Crusher Liner Wear Management System
Published:
A full-stack platform for tracking and forecasting the wear of crusher liners in minerals processing operations, built from raw 3D laser scan data through to production deployment.
The challenge
Gyratory and cone crushers are among the largest and most critical machines in a minerals processing plant. Their concave and mantle liners degrade continuously under extreme loads, and knowing when to schedule a liner change is a costly decision: too early wastes material, too late risks catastrophic failure. Traditionally, wear is estimated with manual caliper measurements taken during maintenance windows – a slow, imprecise, and sometimes dangerous process. 3D laser scanning offers a far richer picture, but the raw point clouds (millions of points in DXF or PTS format) require significant processing before they become actionable.
System architecture
- Point cloud ingestion and parsing: Raw scan files (DXF, PTS) are parsed and transformed into cylindrical coordinate representations aligned to the crusher axis. Aggregation routines collapse the dense point cloud into interpretable radial-axial wear profiles.

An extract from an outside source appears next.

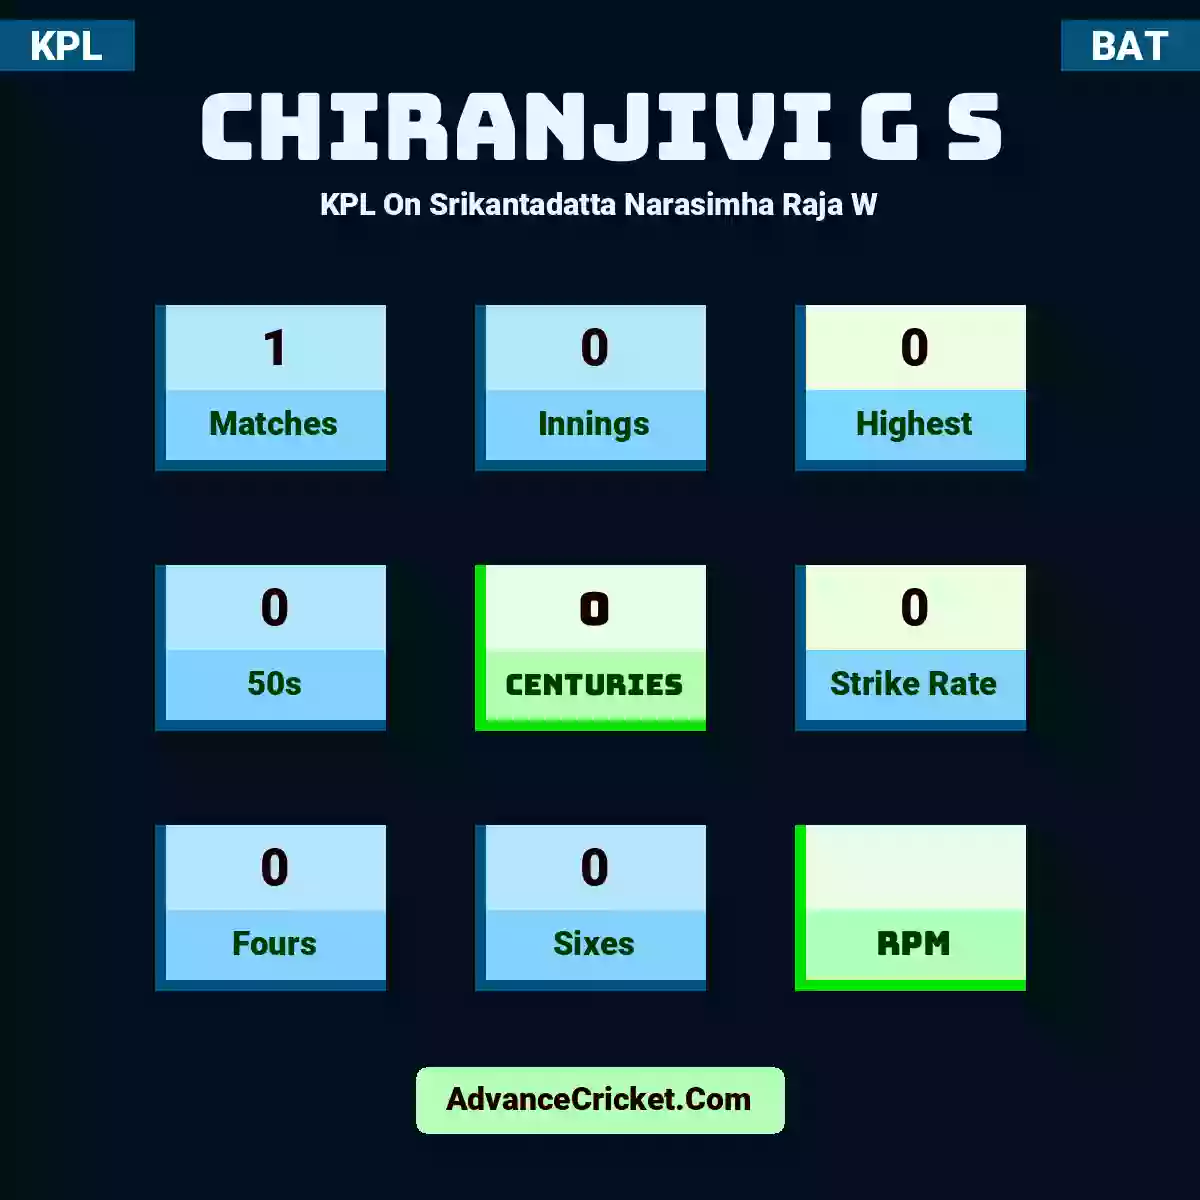 Chiranjivi G S KPL  On Srikantadatta Narasimha Raja W, Chiranjivi G S played 1 matches, scored 0 runs as highest, 0 half-centuries, and 0 centuries, with a strike rate of 0. C.S hit 0 fours and 0 sixes.

- Campaign and survey management: Each crusher liner installation defines a campaign. Multiple surveys (scans) are registered within a campaign, enabling wear progression tracking over time. The system manages metadata, alignment corrections, and reference geometries.
- Wear trend modeling and forecasting: Wear rates are computed per profile zone, and regression models project remaining useful life. The system generates recommended change dates with confidence bounds, supporting maintenance planning.
- Dual deployment architecture: The platform operates in two modes. A desktop application (Streamlit/Dash packaged with PyInstaller) serves offline mine sites with no internet connectivity. A web platform (Next.js frontend, FastAPI backend, PostgreSQL database, Redis caching) provides centralized management for multi-site operations.
- Infrastructure: Docker Swarm orchestration with Traefik as reverse proxy and load balancer. Ansible playbooks automate provisioning and deployment across environments.
Technology stack
- Backend: FastAPI (Python), PostgreSQL, Redis, Celery for async tasks
- Frontend: Next.js (React/TypeScript)
- Desktop: Streamlit and Dash applications, packaged via PyInstaller
- 3D Processing: NumPy, SciPy, Open3D for point cloud manipulation
- Infrastructure: Docker Swarm, Traefik, Ansible, Nginx
- ML/Forecasting: scikit-learn, custom regression models for wear projection
Note: This description reflects the general type and architecture of systems I have built as a consultant for a mining equipment services company. Specific client details, operational data, and proprietary methodologies are omitted.